> [Required action]
From the entries below, print exactly the span beginning with the line holding "CIMERAC Ceramic Electric" and ending with the line holding "Great Hollow Cross", endpoints included, and skip any pictures.

> [Supplied records]
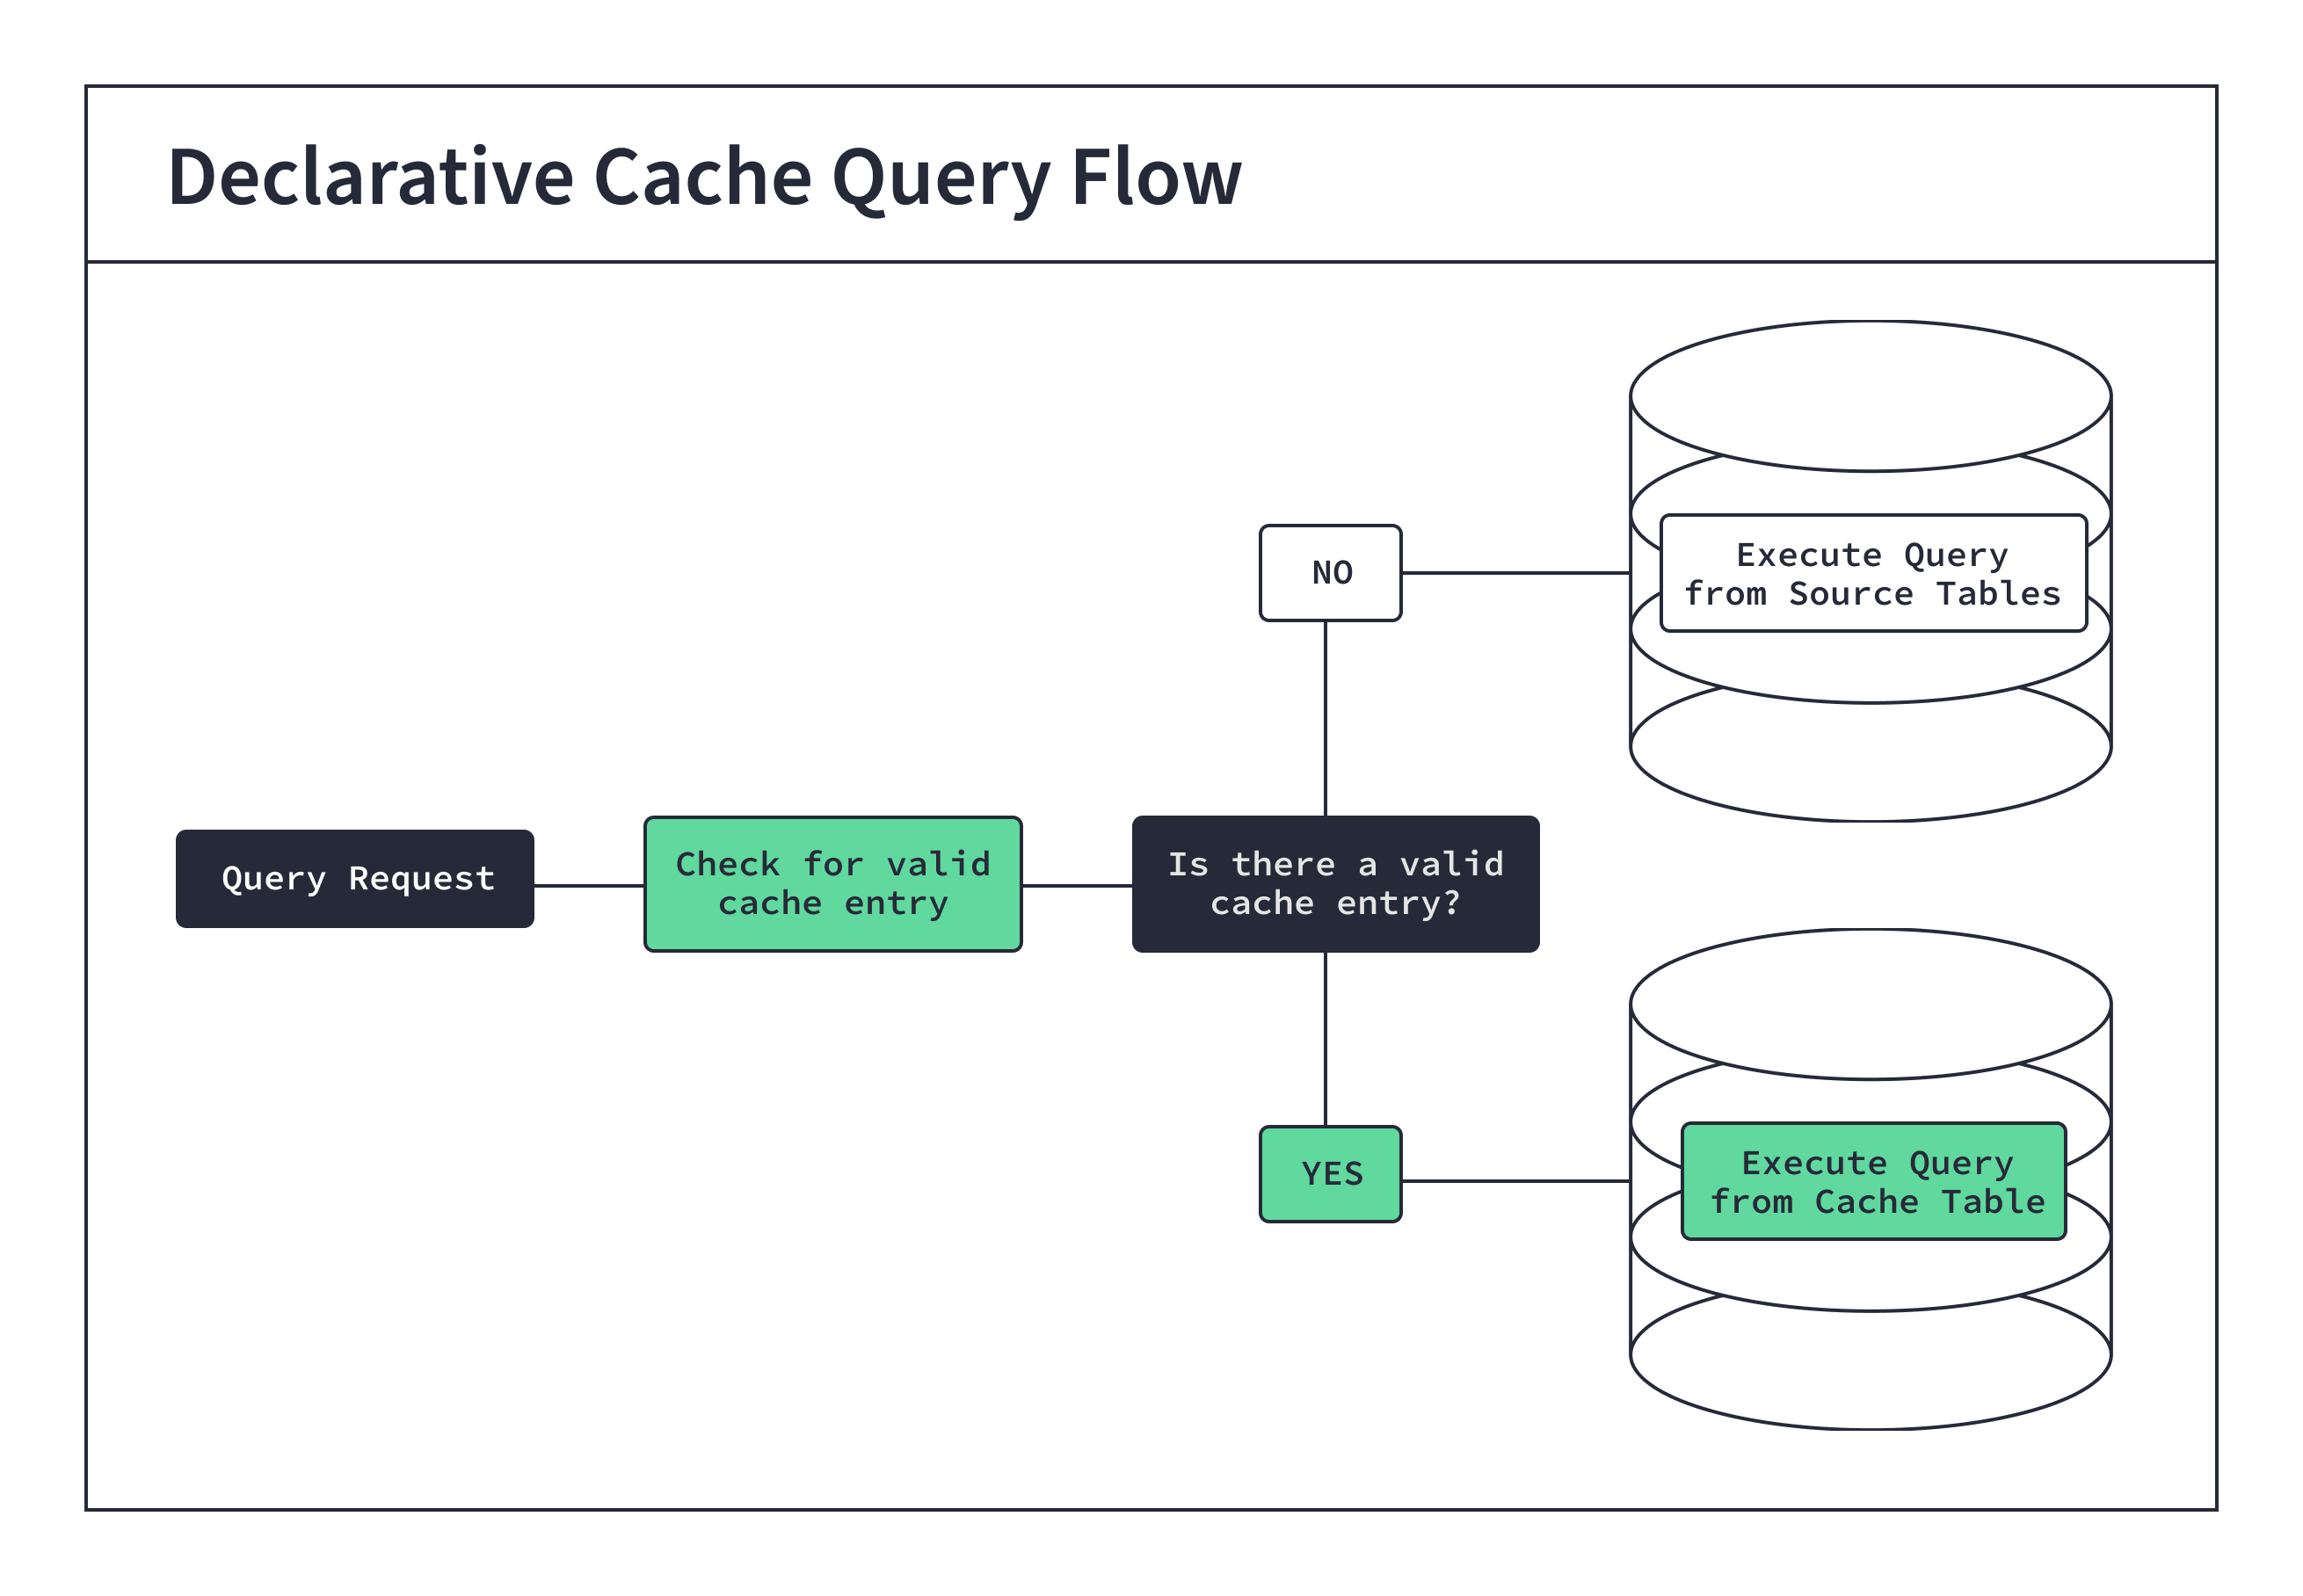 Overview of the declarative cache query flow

==

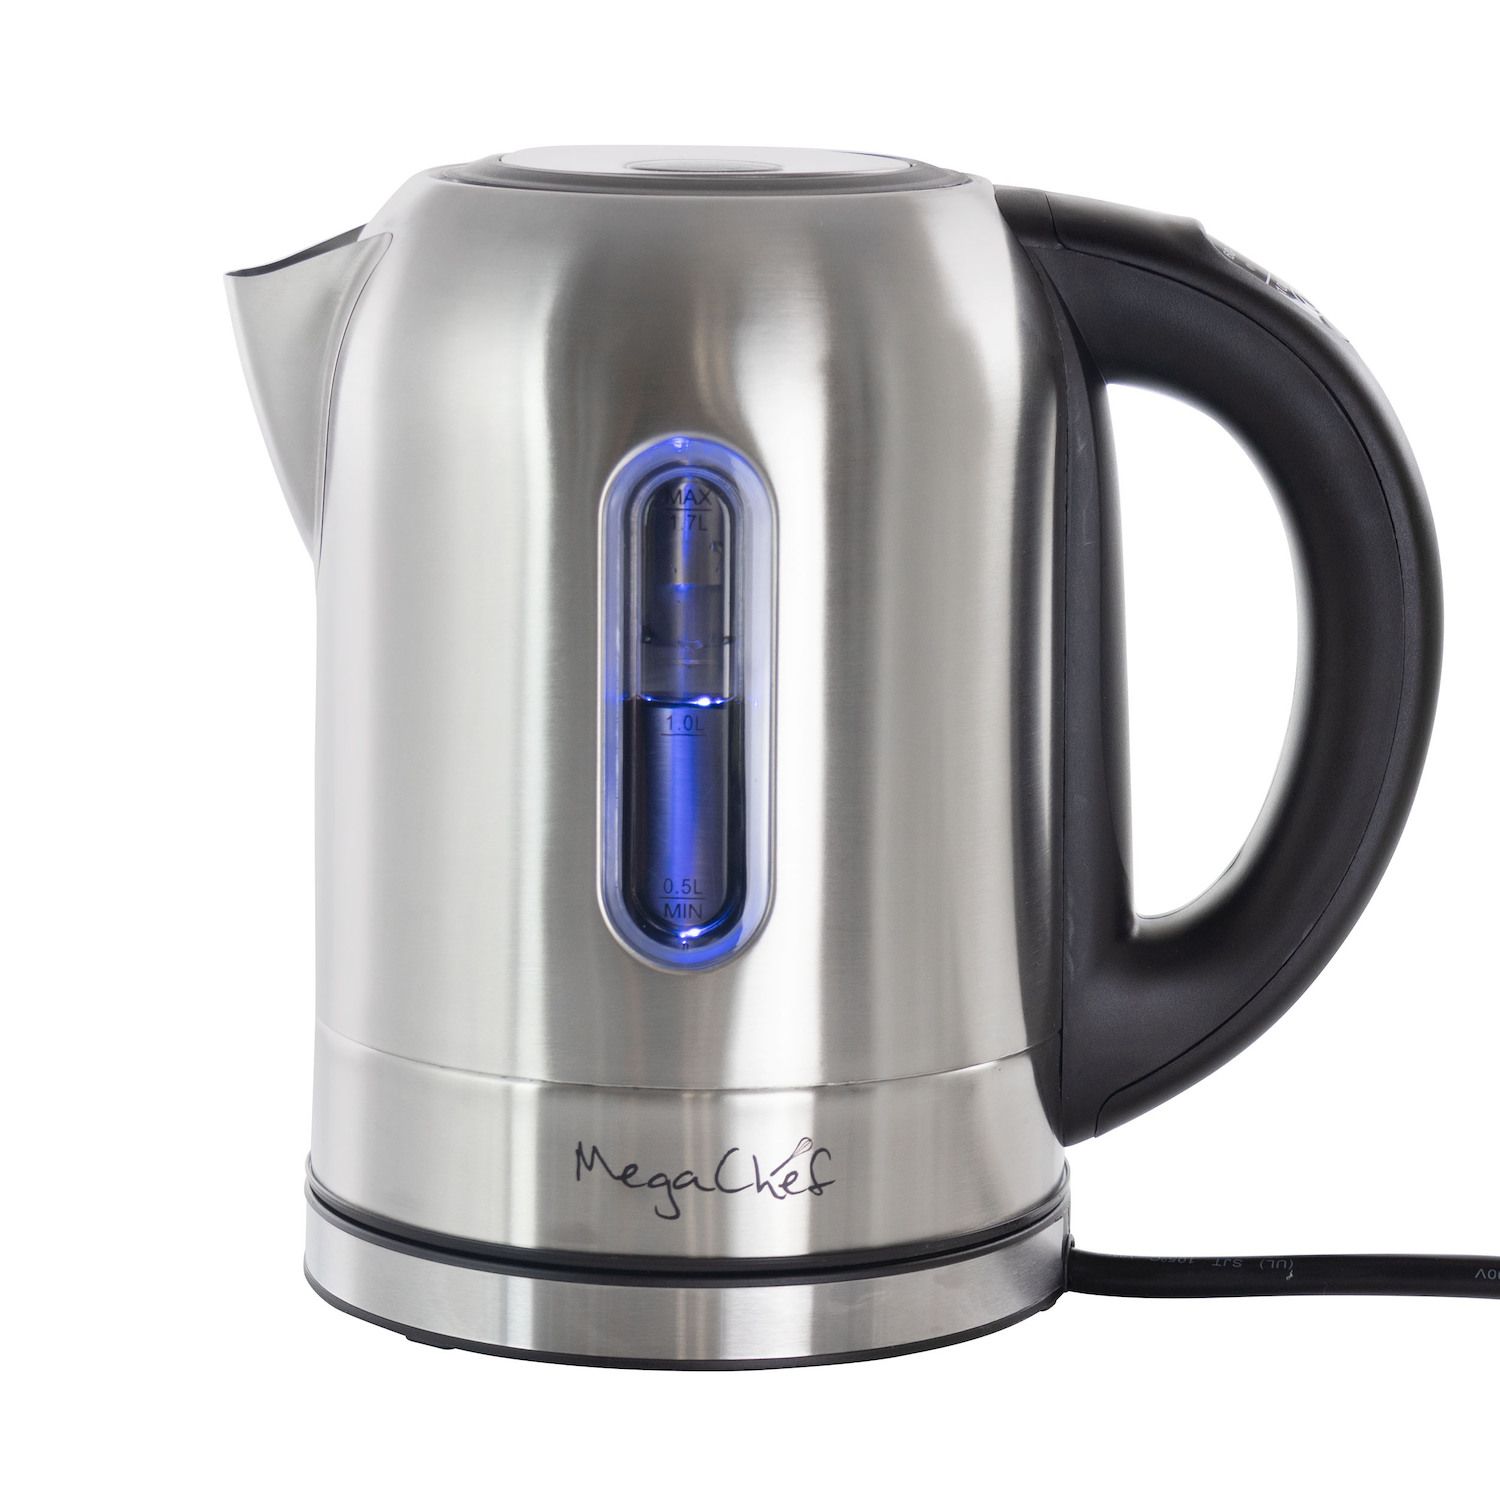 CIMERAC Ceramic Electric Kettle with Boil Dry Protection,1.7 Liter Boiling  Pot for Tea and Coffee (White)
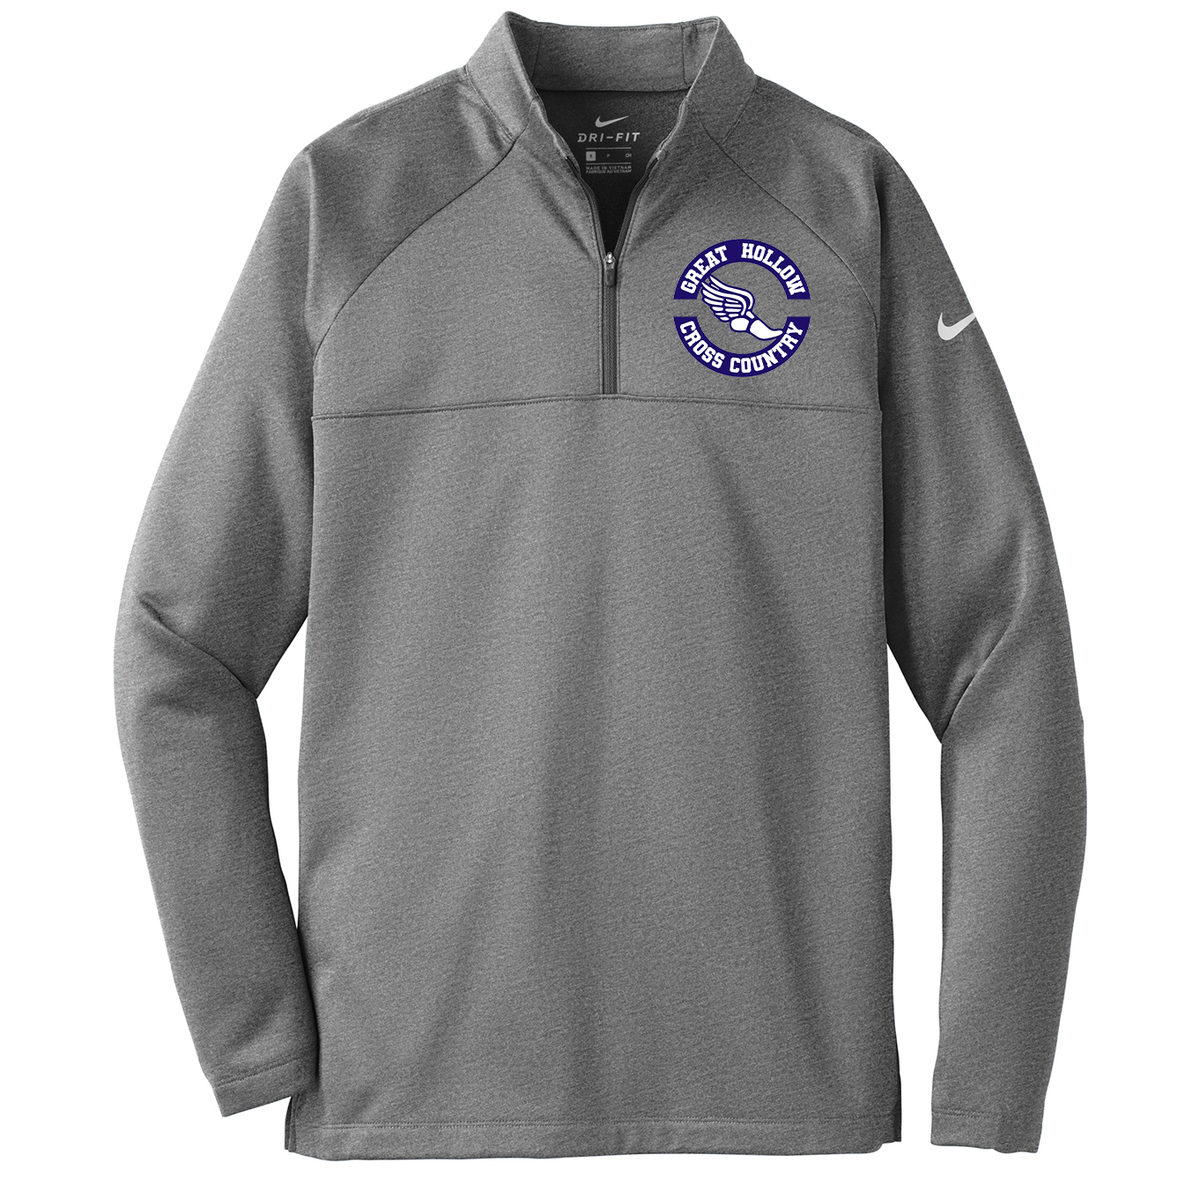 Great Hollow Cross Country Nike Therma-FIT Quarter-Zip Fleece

* * *

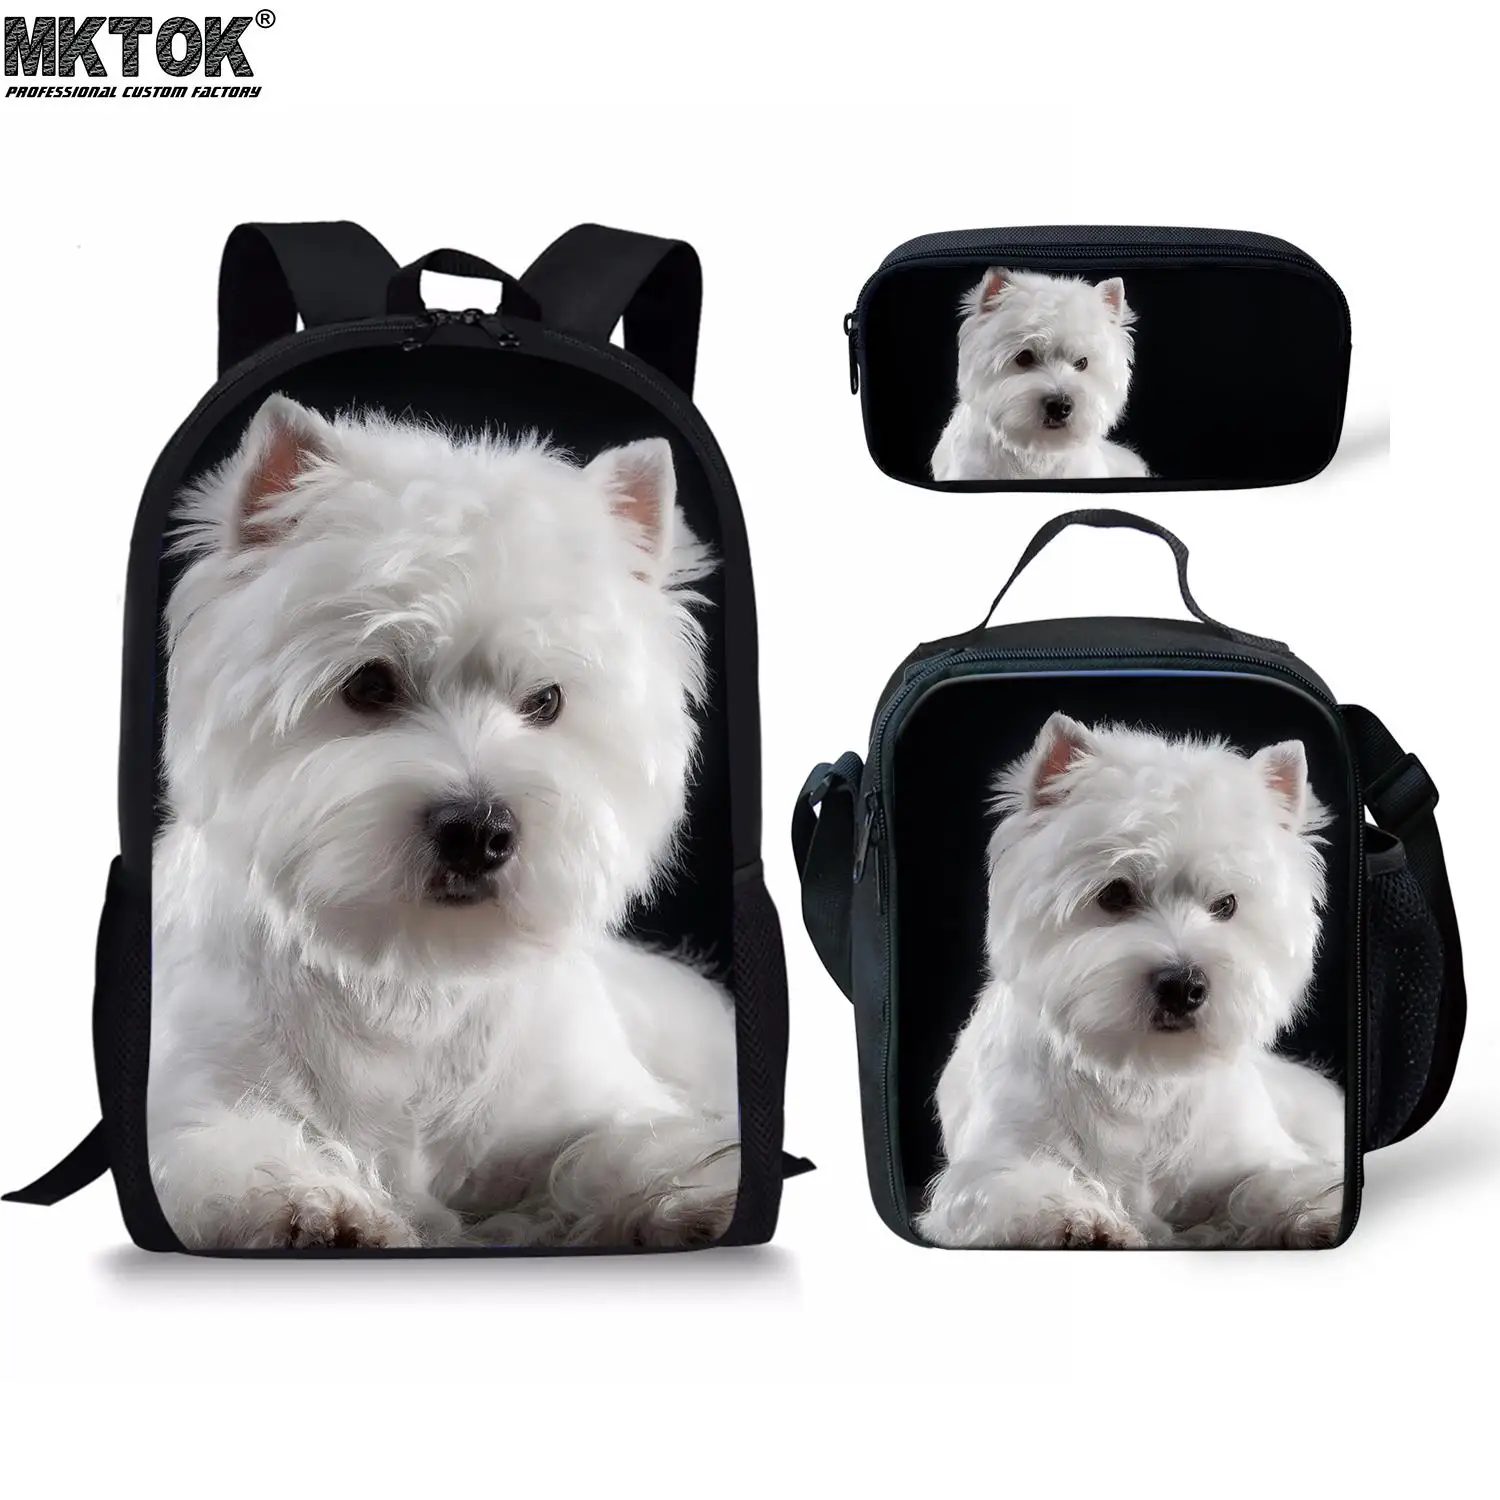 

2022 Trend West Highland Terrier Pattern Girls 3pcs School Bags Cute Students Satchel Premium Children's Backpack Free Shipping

> [Response area]
 CIMERAC Ceramic Electric Kettle with Boil Dry Protection,1.7 Liter Boiling  Pot for Tea and Coffee (White)
 Great Hollow Cross Country Nike Therma-FIT Quarter-Zip Fleece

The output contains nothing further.